Tongass timber and the roadless rule

  • By Rich Moniak
  • Thursday, February 1, 2018 2:41pm
  • Opinion

During his State of the State address last week, Gov. Bill Walker said “Alaskans are the ones best positioned to determine responsible development” of natural resources in Alaska. He’s not the first, and won’t be the last, to make that argument. But he’s wrong to apply it to the impact of the Roadless Rule on the Tongass National Forest. Because its trees and minerals don’t belong to us.

Walker’s comments follow a long litany of high pitched, misleading rhetoric preached by the state’s elected officials about management of the Tongass. The Roadless Rule in 2001 gave it a new twist. Almost immediately after its implementation, the state sued the federal government.

Under the terms of a settlement reached in 2003, a “temporary” exemption was applied to the Tongass. Despite the short-term implication of that word, it remained in place until a federal district invalidated it in 2011.

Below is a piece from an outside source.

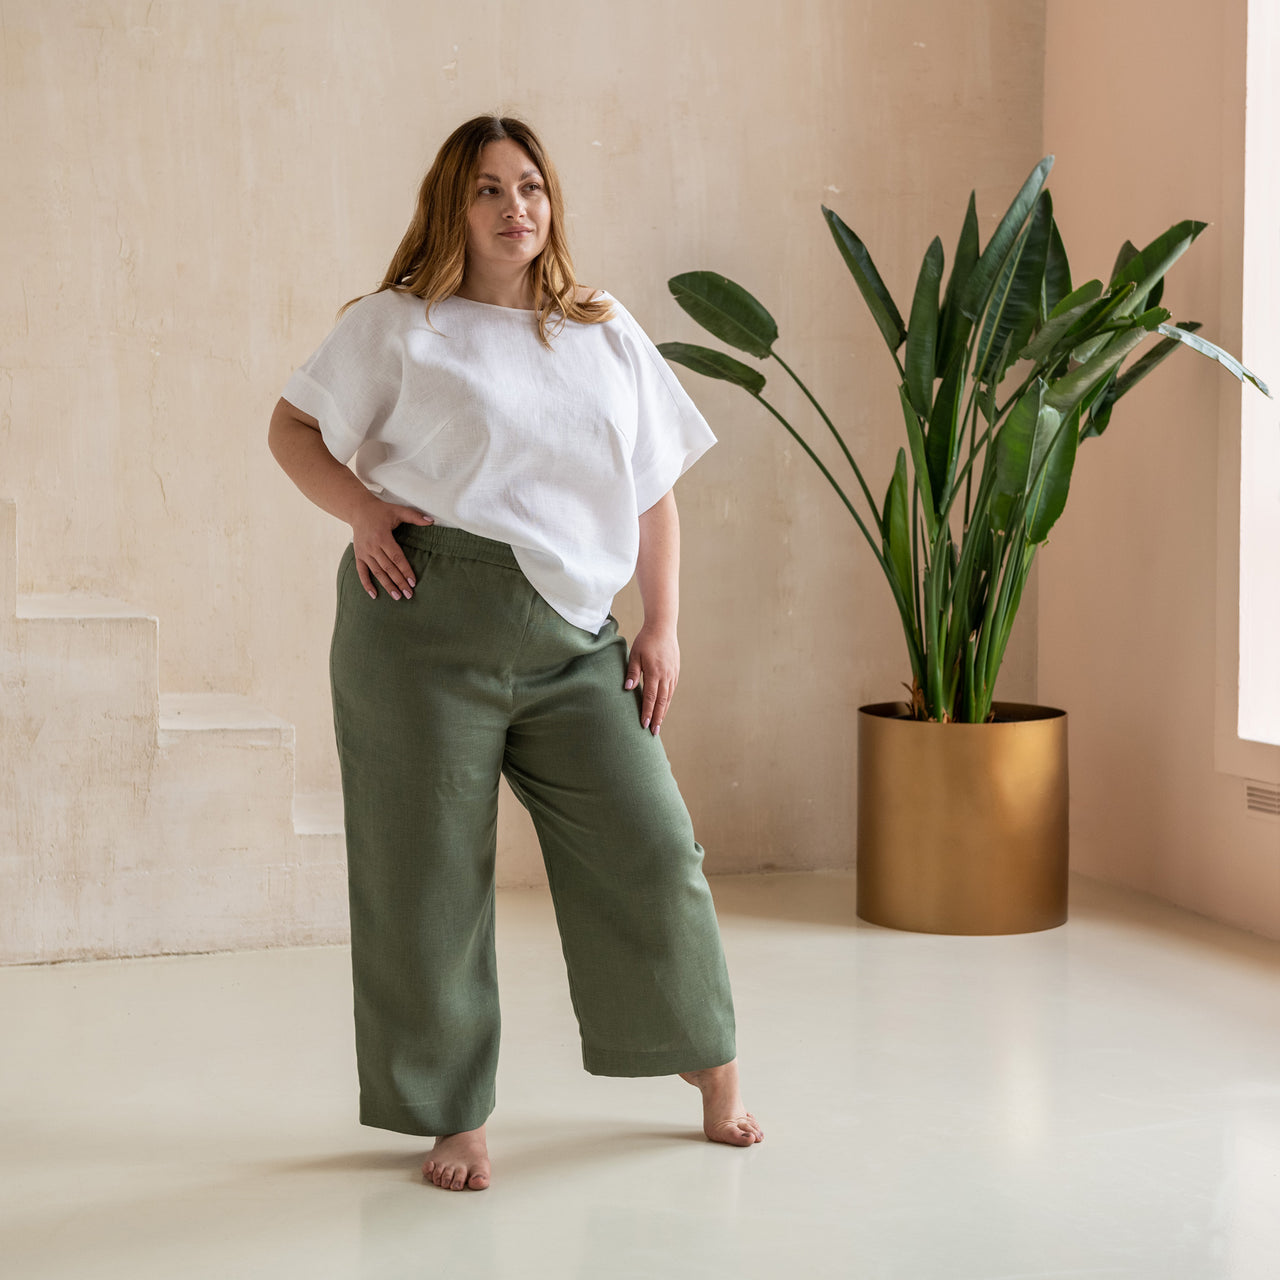 Women's Natural Linen Pants – High Waist, Plus Size Linen Pants

Within a few months of that ruling, U.S. Sen. Mark Begich and Rep. Don Young introduced legislation to repeal the Roadless Rule’s applicability to Alaska’s National Forests. They characterized it as a “one size fits all” approach to management that didn’t consider the unique conditions in our state.

According to the Alaska Journal of Commerce, Begich argued the Forest Service should be allowed to follow its 2008 Tongass Land Management Plan. But not because it was developed by local managers with the input of Southeast Alaskans. The current plan, approved in 2106, had the same level of local involvement. But the delegation wants it scrapped because, unlike the 2008 plan, it doesn’t recognize the exemption.

The “one size fits all” complaint is also nonsense. As explained in last September’s ruling by another federal court upholding the Roadless Rule, the Forest Service “treated the Tongass Forest differently from any other national forest” by considering four alternatives.

In a statement following that decision, U.S. Sen. Lisa Murkowski claimed one of the rule’s main purposes is to block road construction on energy and mining projects. That’s a stretch given the few such projects under consideration.

One of those is the Niblack mine on Prince of Wales Island. According to its owners, the site has an existing 1.5 mile access road. Because it’s not a roadless area, it seems the rule shouldn’t apply. But even if it does, seeking an exception for it would be better than applying a “one size fits all” exemption to the rest of the Tongass.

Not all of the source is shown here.